``Forbidden'' phonon in the iron chalcogenide series

Recently, we uncovered evidence for the formation of a bond-order wave (BOW) leading to ferro-orbital order at low temperature, acting to stabilize the bicollinear AFM order, in the iron-rich parent compound, Fe$_{1+y}$Te [D. Fobes \textit{et al}., Phys. Rev. Lett. 112, 187202 (2014)]. Investigating the inelastic spectra centered near (100) in Fe$_{1+y}$Te, a signature peak for the BOW formation in the monoclinic phase, we observed an acoustic phonon dispersion in both tetragonal and monoclinic phases. While a structural Bragg peak accompanies the mode in the monoclinic phase, in the tetragonal phase Bragg scattering at this \textbf{Q} is forbidden by symmetry, and we observed no elastic peak. This phonon mode was also observed in superconducting FeTe$_{0.6}$Se$_{0.4}$, where structural and magnetic transitions are suppressed.

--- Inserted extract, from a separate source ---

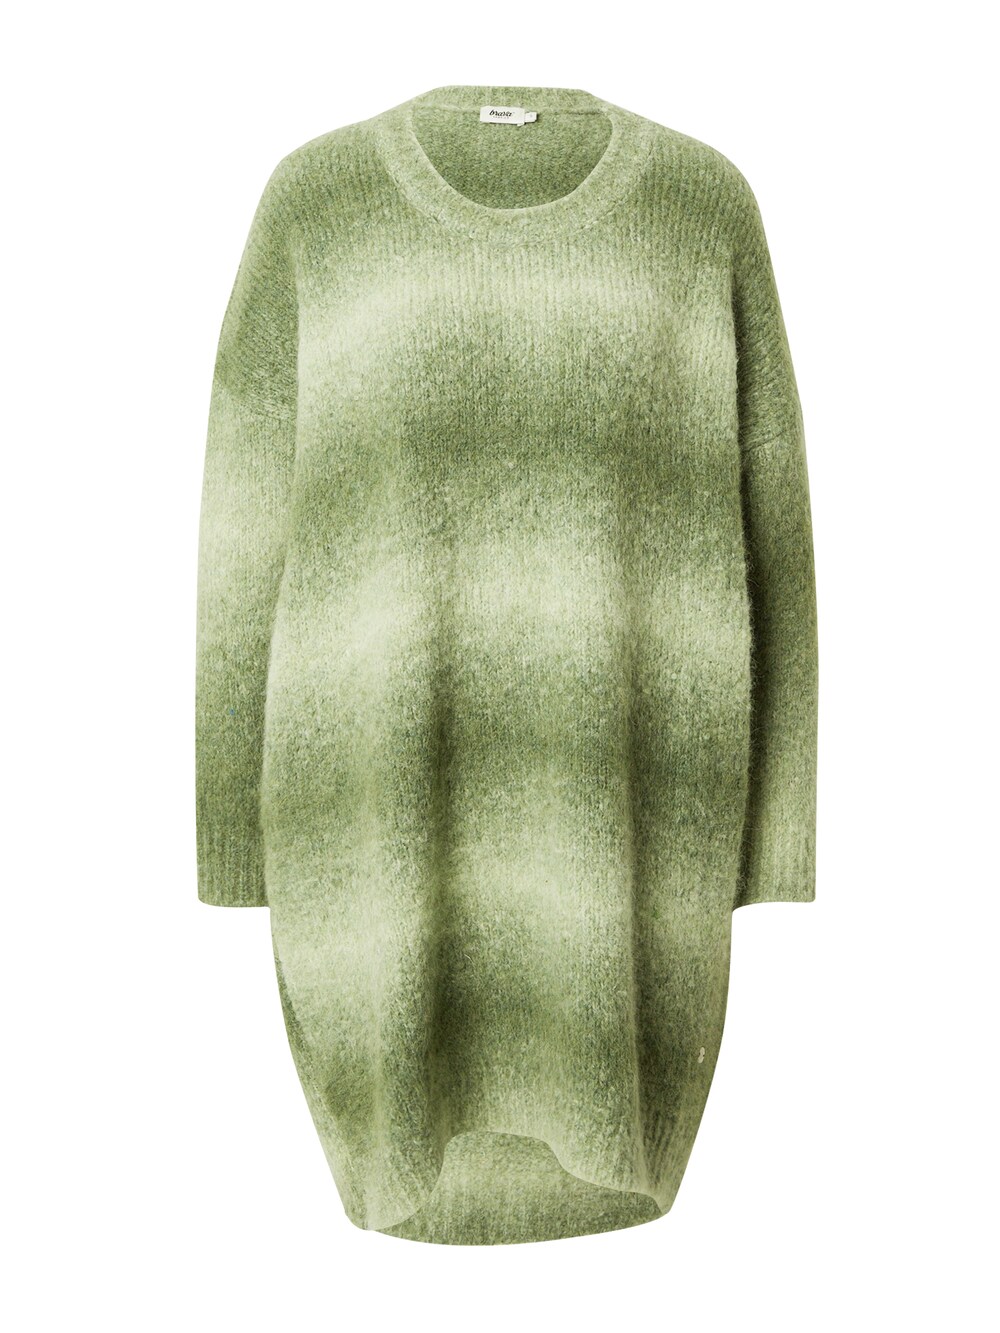 Вязанное платье Brava Fabrics, зеленое яблоко жилет norway зеленое яблоко размер l

LDA frozen phonon calculations suggested that this mode could result from a spin imbalance between neighboring Fe atoms, but polarized neutron measurements revealed no additional magnetic scattering. We propose that this ``forbidden'' phonon mode may originate from dynamically broken symmetry, perhaps related to the strong dynamic spin correlations in these materials.